Here we specify the run configurations of the model that we want to train, that determine the shapes of model components and its overall size. All configurations below are taken from the TinyStories papers and optimized for throughput on IPU. Additional configurations can be defined manually as well, although it's recommended not to deviate too far from the specified proportions below to avoid Out of Memory error.

### Sweep

In [None]:
columns = ['hidden_dim', 'depth', 'pipeline_stages', 'compute_batch_size', 'offloading', 'checkpointing'] 

data = [
    [64, 1, 1, 4, False, False],
    [64, 2, 1, 4, False, False],
    [64, 4, 1, 4, False, False],
    [64, 8, 1, 4, False, False],
    [64, 12, 1, 4, False, False],
    [128, 1, 1, 4, False, False],
    [128, 2, 1, 4, False, False],
    [128, 4, 1, 4, False, False],
    [128, 8, 1, 4, False, False],
    [128, 12, 1, 4, False, False],
    [256, 1, 1, 4, False, False],
    [256, 2, 1, 4, False, False],
    [256, 4, 1, 4, False, False],
    [256, 8, 2, 4, False, True],
    [256, 12, 2, 4, False, True],
    [512, 1, 2, 2, False, True],
    [512, 2, 2, 2, False, True],
    [512, 4, 2, 2, False, True],
    [512, 8, 2, 2, False, True],
    [512, 12, 2, 2, False, True],
    [768, 1, 2, 2, False, False],
    [768, 2, 2, 2, False, True],
    [768, 4, 4, 2, False, True],
    [768, 8, 4, 2, False, True],
    [768, 12, 4, 2, True, True],
    [1024, 1, 2, 2, False, False],
    [1024, 2, 2, 1, False, True],
    [1024, 4, 4, 1, False, True],
    [1024, 8, 4, 1, True, True],
    [1024, 12, 4, 1, True, True],
]

# Create a DataFrame
run_configs = pd.DataFrame(data, columns=columns)

### OR Single run

In [None]:
from ipywidgets import interact, interactive, fixed, interact_manual
from IPython import display
import ipywidgets as widgets

def hyperparameters(hidden_dim, depth, pipeline_stages, compute_batch_size, offloading, checkpointing):
    return [int(hidden_dim), int(depth), int(pipeline_stages), int(compute_batch_size), offloading, checkpointing]
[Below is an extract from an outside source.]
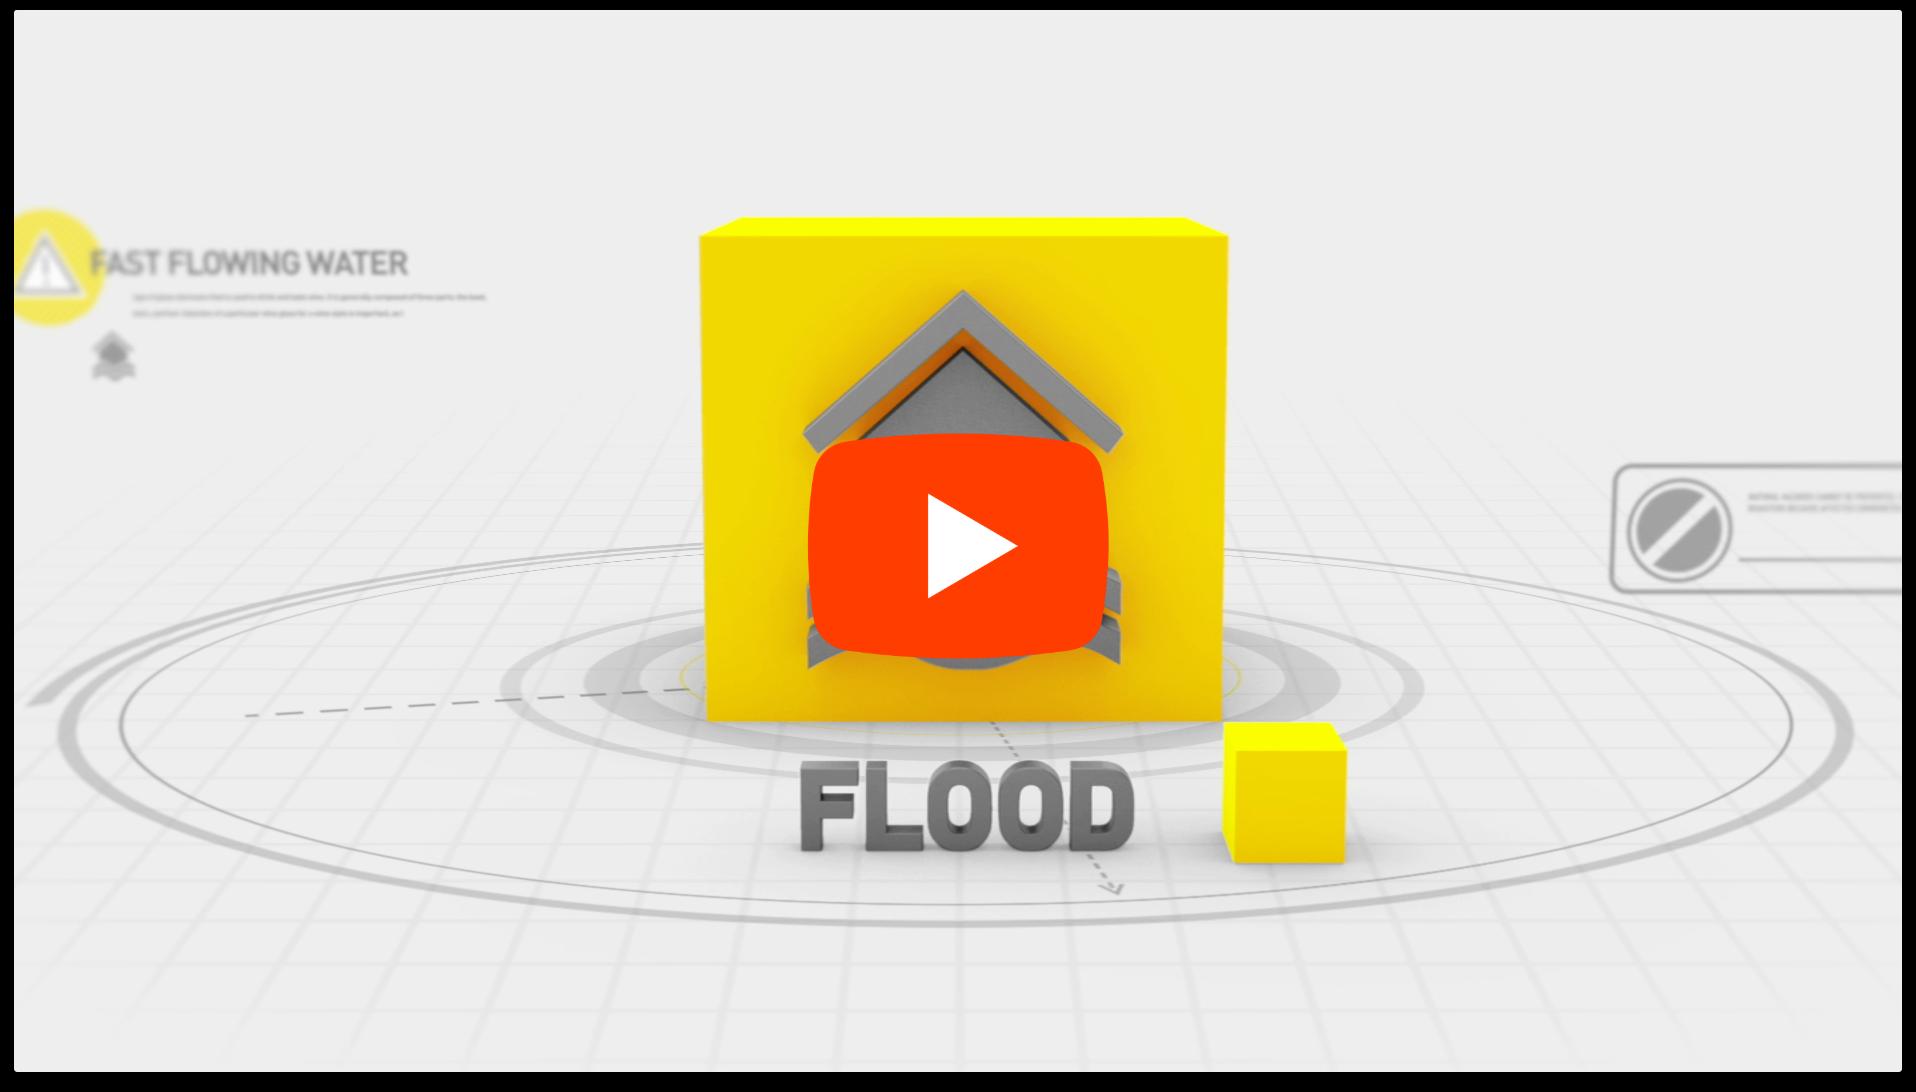 <p>Flood</p>

if 'interactive_data' not in globals():
    hd, depth, ps, cbs,offloading,checkpointing = '256', '8', 4, 2, False, True
else:
    hd, depth, ps, cbs,offloading,checkpointing = interactive_data.result
    hd = str(hd)
    depth = str(depth)
    

interactive_data = interactive(hyperparameters, 
                          hidden_dim=widgets.Dropdown(options=['64', '128', '256','512', '768','1024'], layout={'description_width': '1pt'}, 
                                                      value=hd, description='Hidden dim:', disabled=False),
                          depth=widgets.Dropdown(options=['1', '2', '4','8', '12'], 
                                                      value=depth, description='Depth:', disabled=False), 
                          pipeline_stages=widgets.IntSlider(value=ps, min=1, max=4,step=1, 
                                                            description='Pipeline:',disabled=False), 
                          compute_batch_size=widgets.IntSlider(value=cbs, min=1, max=16,step=1, 
                                                            description='Batch size:',disabled=False), 
                          offloading=offloading, 
                          checkpointing=checkpointing)
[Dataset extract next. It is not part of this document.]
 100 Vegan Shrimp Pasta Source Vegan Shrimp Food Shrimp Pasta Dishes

display.display(interactive_data)
run_configs = pd.DataFrame([interactive_data.result], columns=columns)

## Training loop

In [None]:
dataset = Dataset.create(vocab_size=8192, path=Path("data"))
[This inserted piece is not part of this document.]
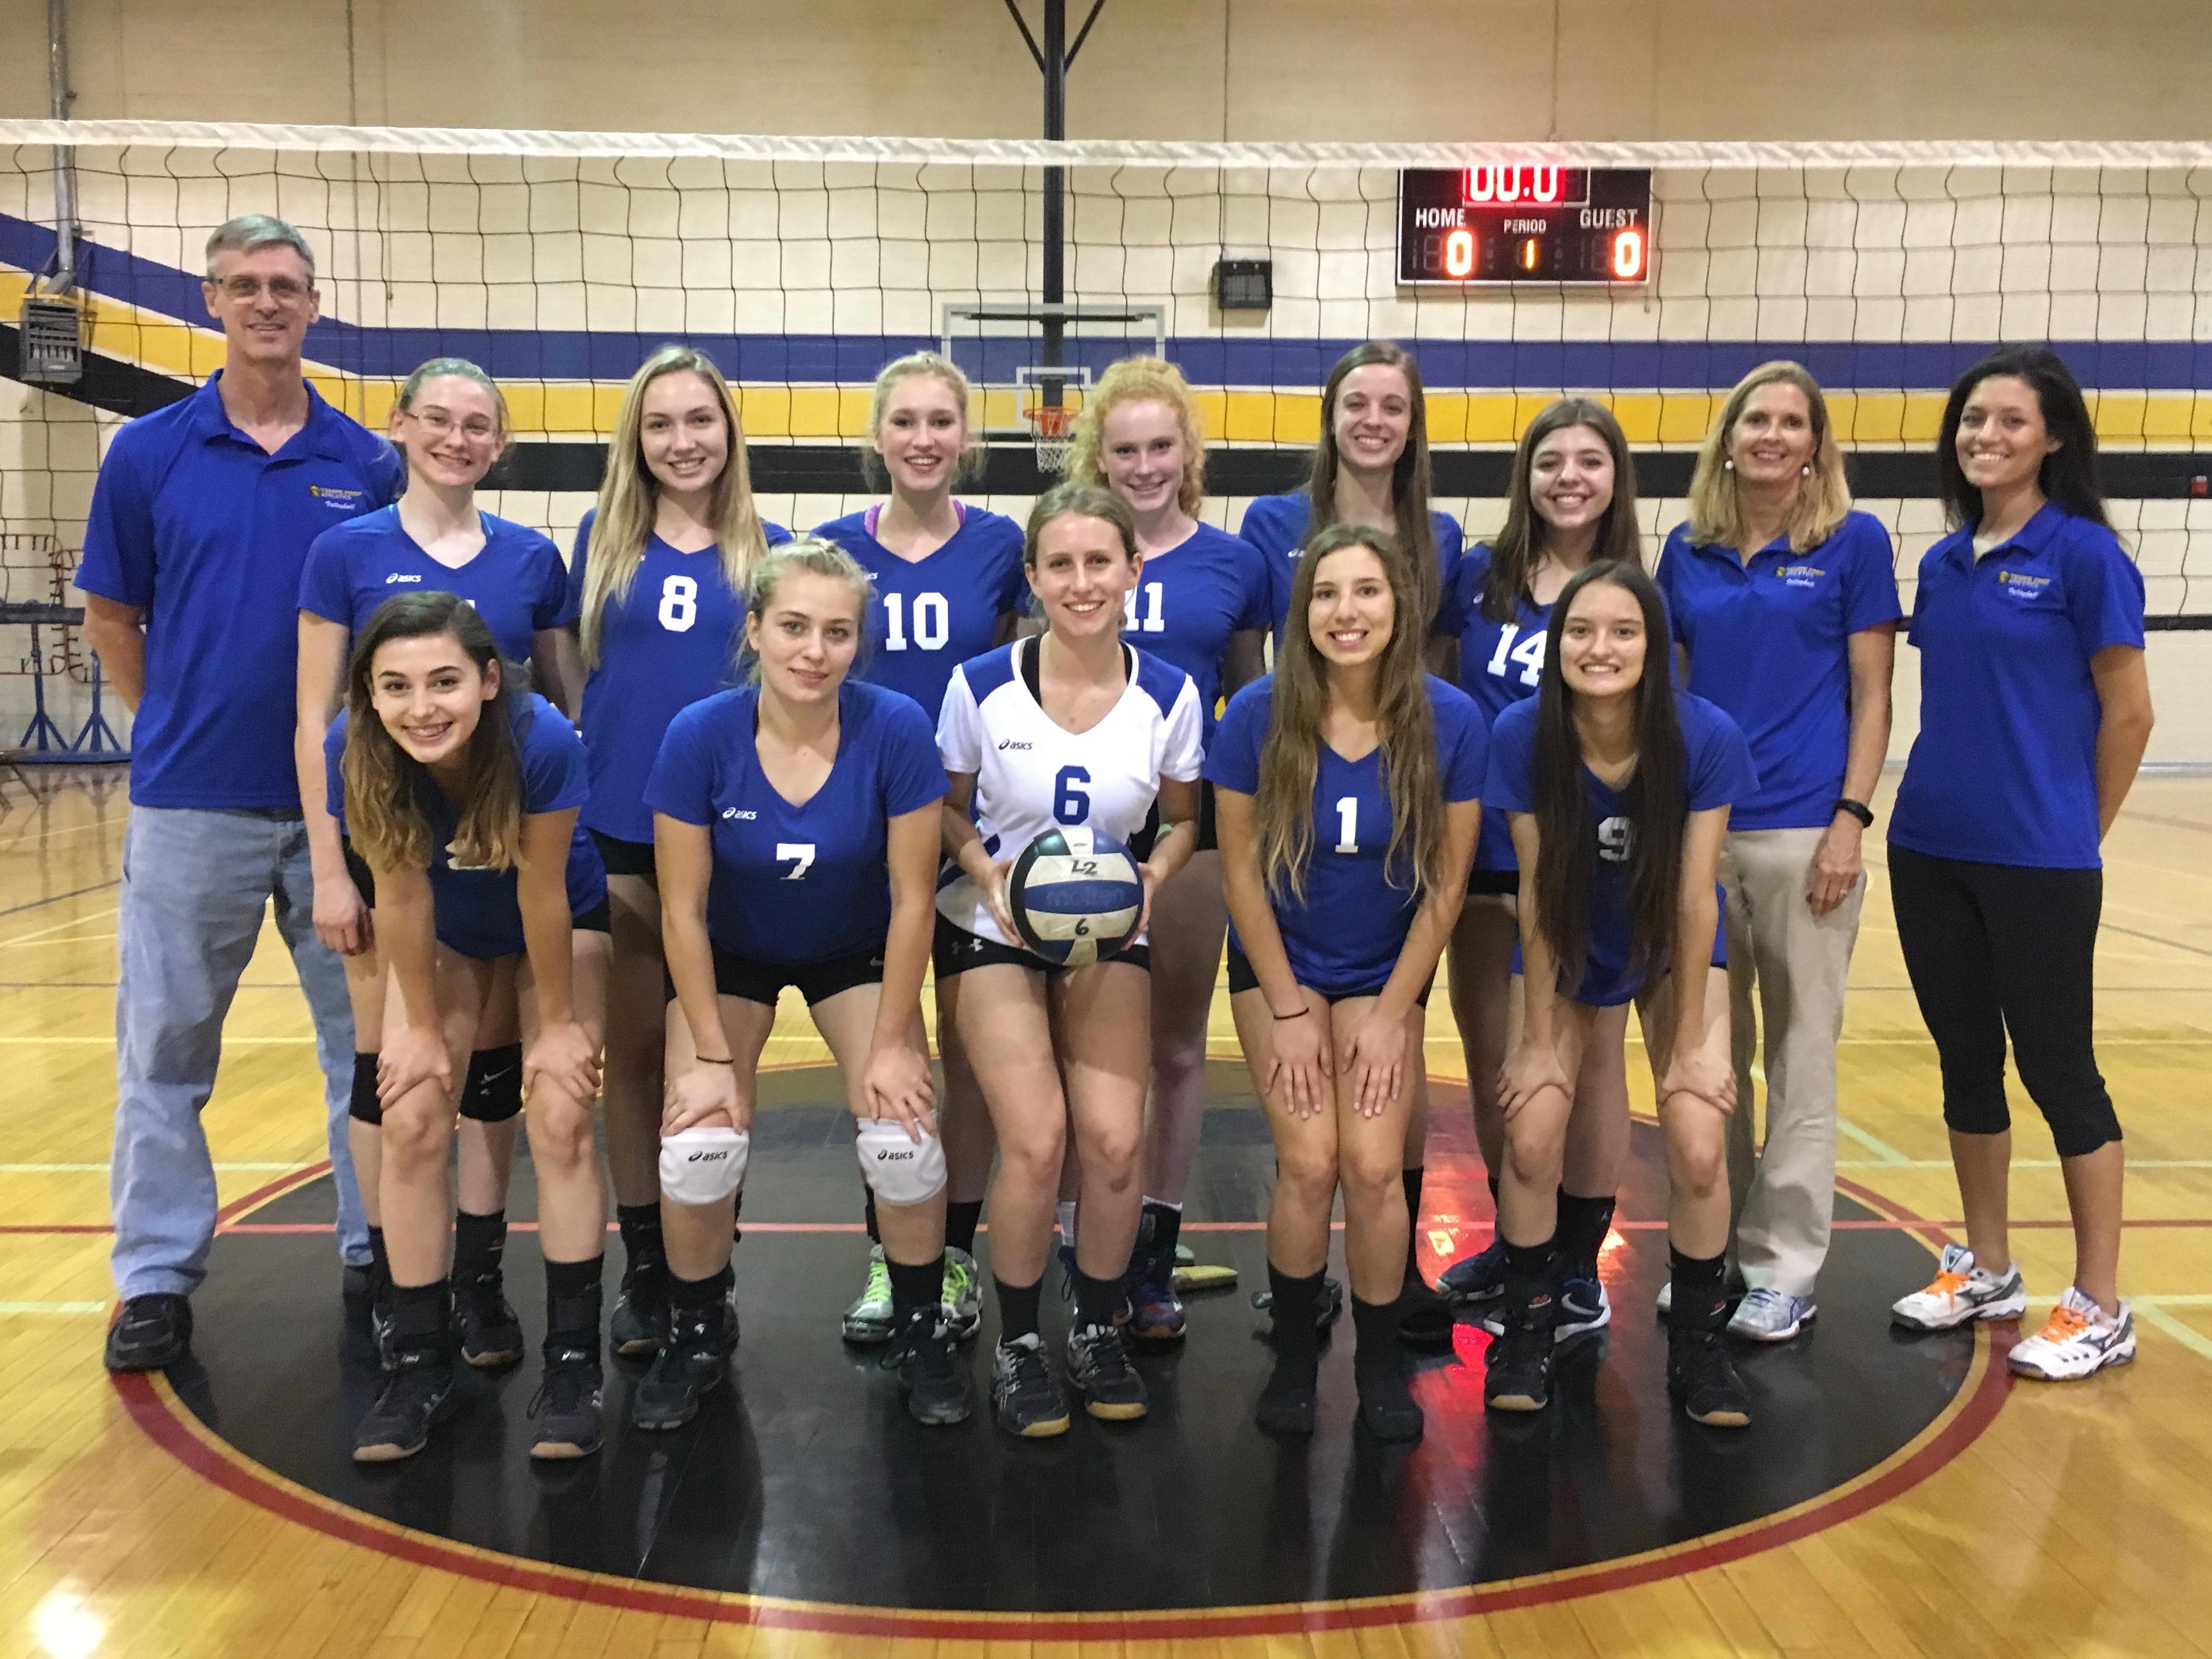 Girls Volleyball - Girls Volleyball - Santa Ynez Valley

for _, run_config in  run_configs.iterrows():
    hidden_size, depth, pipeline_stages, compute_batch_size, offloading, checkpointing = run_config
    
    name =  f"h{hidden_size}_l{depth}_model"
    experiment =  Experiment(
        name,
        ModelConfig(hidden_size=hidden_size, depth=depth, seq_length=512, head_size=64, 
                    dtype="half", pipeline_stages=pipeline_stages, checkpointing=checkpointing),
        TrainingConfig(lr=3e-4, steps=int(20000), batch_size=128, compute_batch_size=compute_batch_size, 
                        replicas=NUMBER_OF_IPUS//pipeline_stages, offloading=offloading,
                       device_iterations=100, generation_temperature=0.5),
        profiling=False,
        wandb=False,
    )

    trainer = Trainer(experiment, dataset)
    trainer.summary()
    
    try:
        trainer.run(validation=True, online_plot=True)
    finally:
        trainer.poptorch_trainer.destroy()
        
    if MODEL_SAVING:
        os.makedirs('checkpoints',exist_ok=True)
        torch.save(trainer.model.state_dict(), os.path.join('checkpoints',name))

## Generations

In [None]:
TEST_PROMPTS = [
    "</s>",
    "When Sally woke up, she",
    "When I grow up, I",
    "This was a sunny day",
    """Once upon a time there was a little girl named Lucy. She was very adventurous.
She loved to explore the world around her, especially when it was bright and sunny outside.
One day, while exploring the nearby park, Lucy came across a ladder leaning on a wall.
She was curious to see what's on top, so she climbed the ladder, but when she reached the top, the ladder fell and she was stuck.
A nearby park ranger noticed her and shouted out \"""",
]

In [None]:
generations = [
                (
                    prompt,
                    trainer.model.generate(
                        prompt, 150, experiment.train.generation_temperature
                    ),
                )
                for prompt in TEST_PROMPTS
            ]